> [What to work on]
Begin at the line holding "Congress does investigations" and set down exactly each line through the last one below, omitting pictures. Include nothing else.

---------- Available data ----------

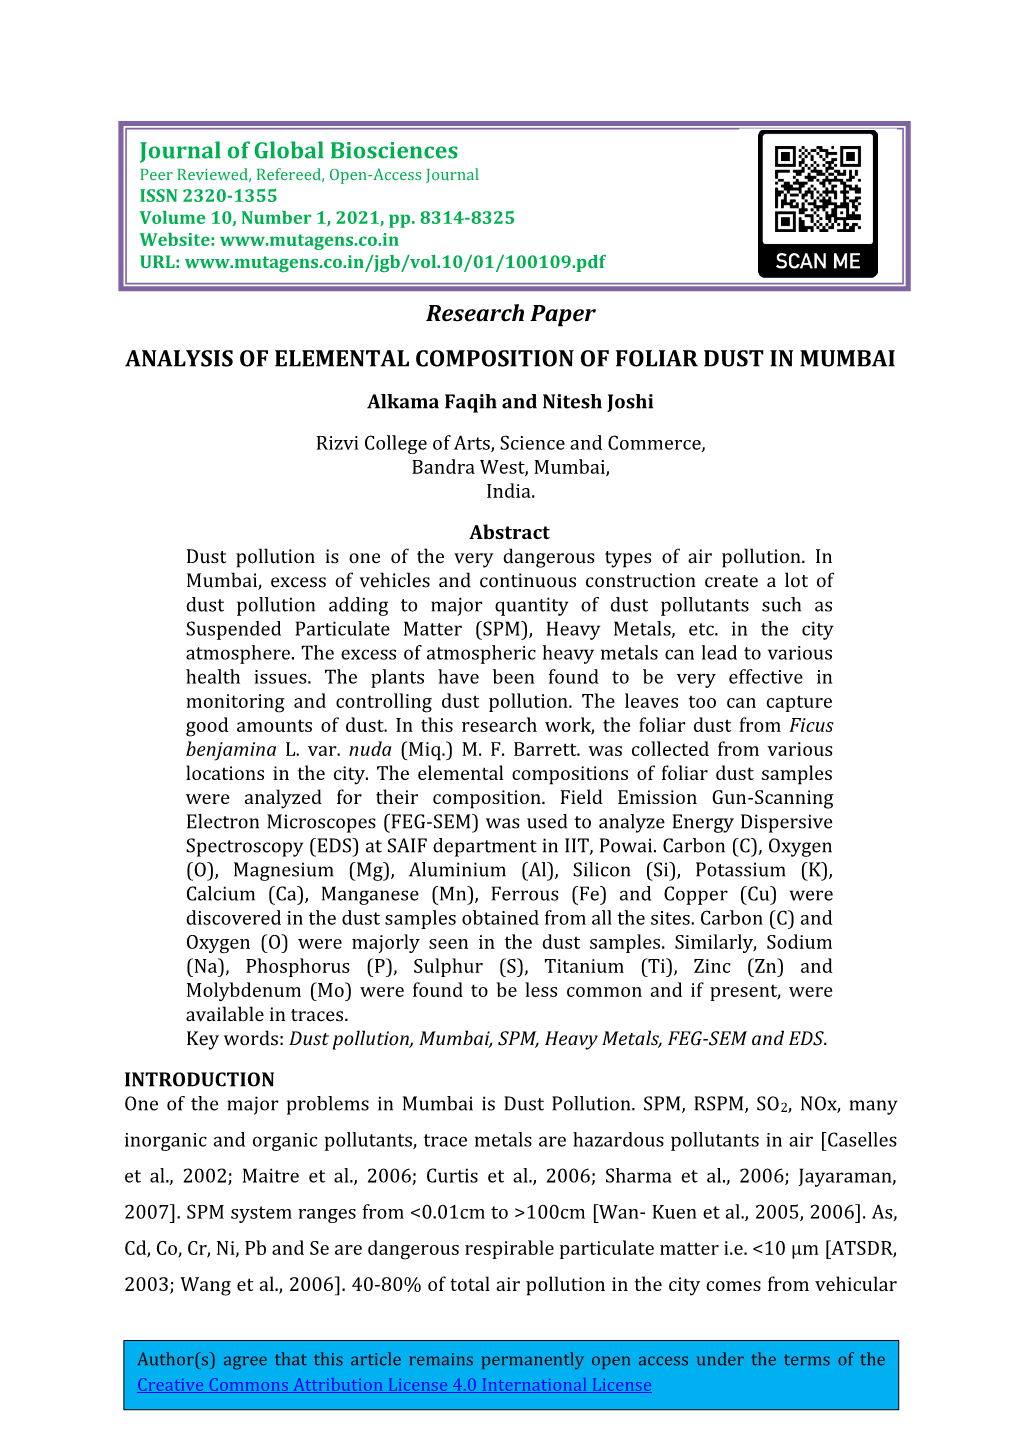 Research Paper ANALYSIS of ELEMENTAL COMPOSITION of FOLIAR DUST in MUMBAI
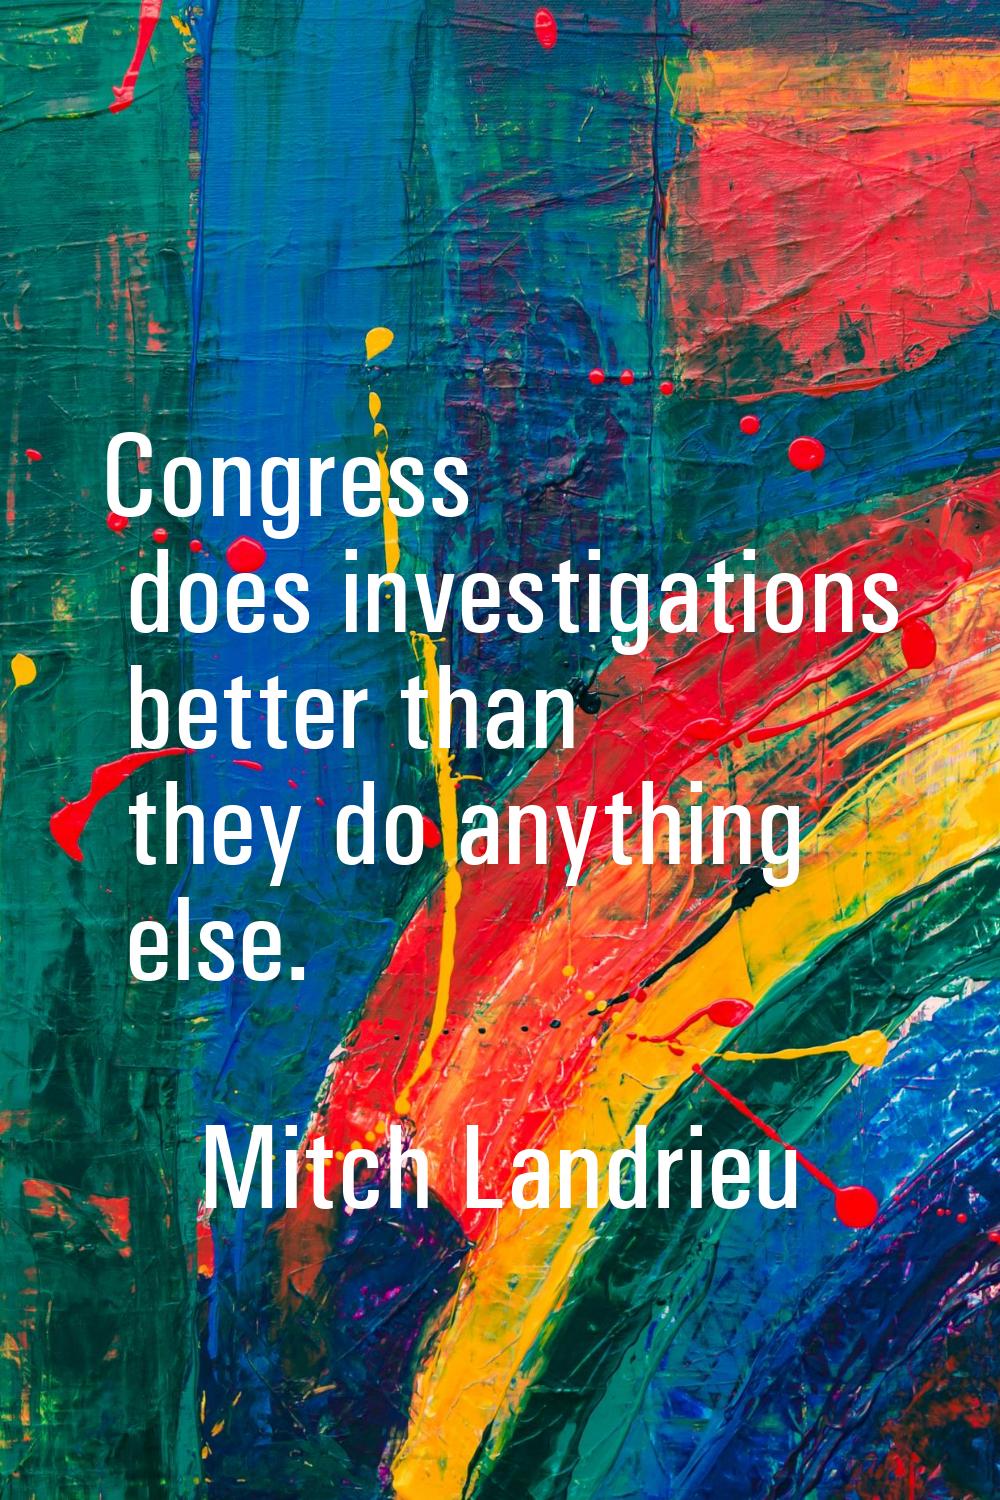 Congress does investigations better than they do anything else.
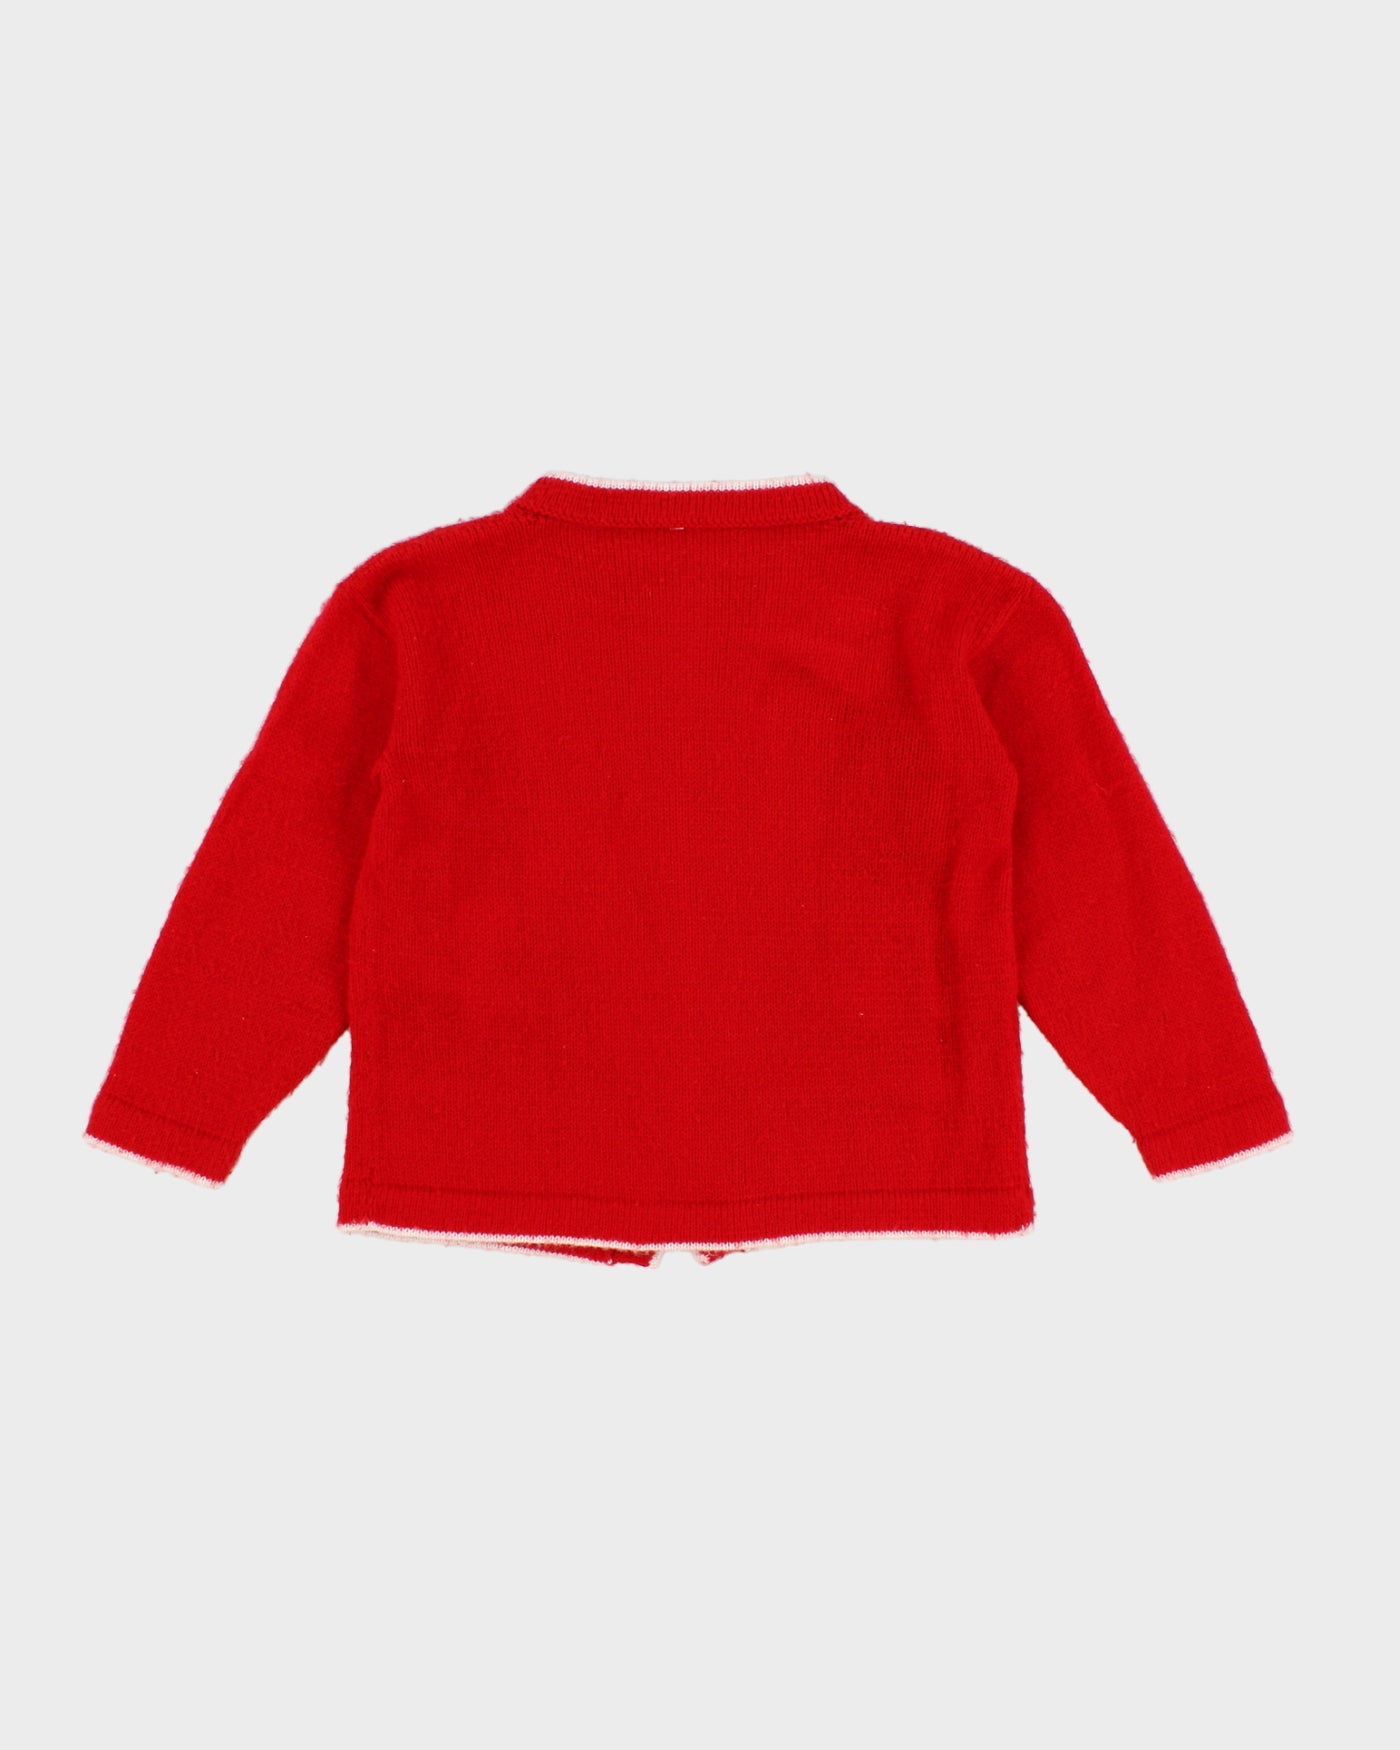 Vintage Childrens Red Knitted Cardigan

----------

> [Output for this exercise]
 Congress does investigations better than they do anything else.
 Vintage Childrens Red Knitted Cardigan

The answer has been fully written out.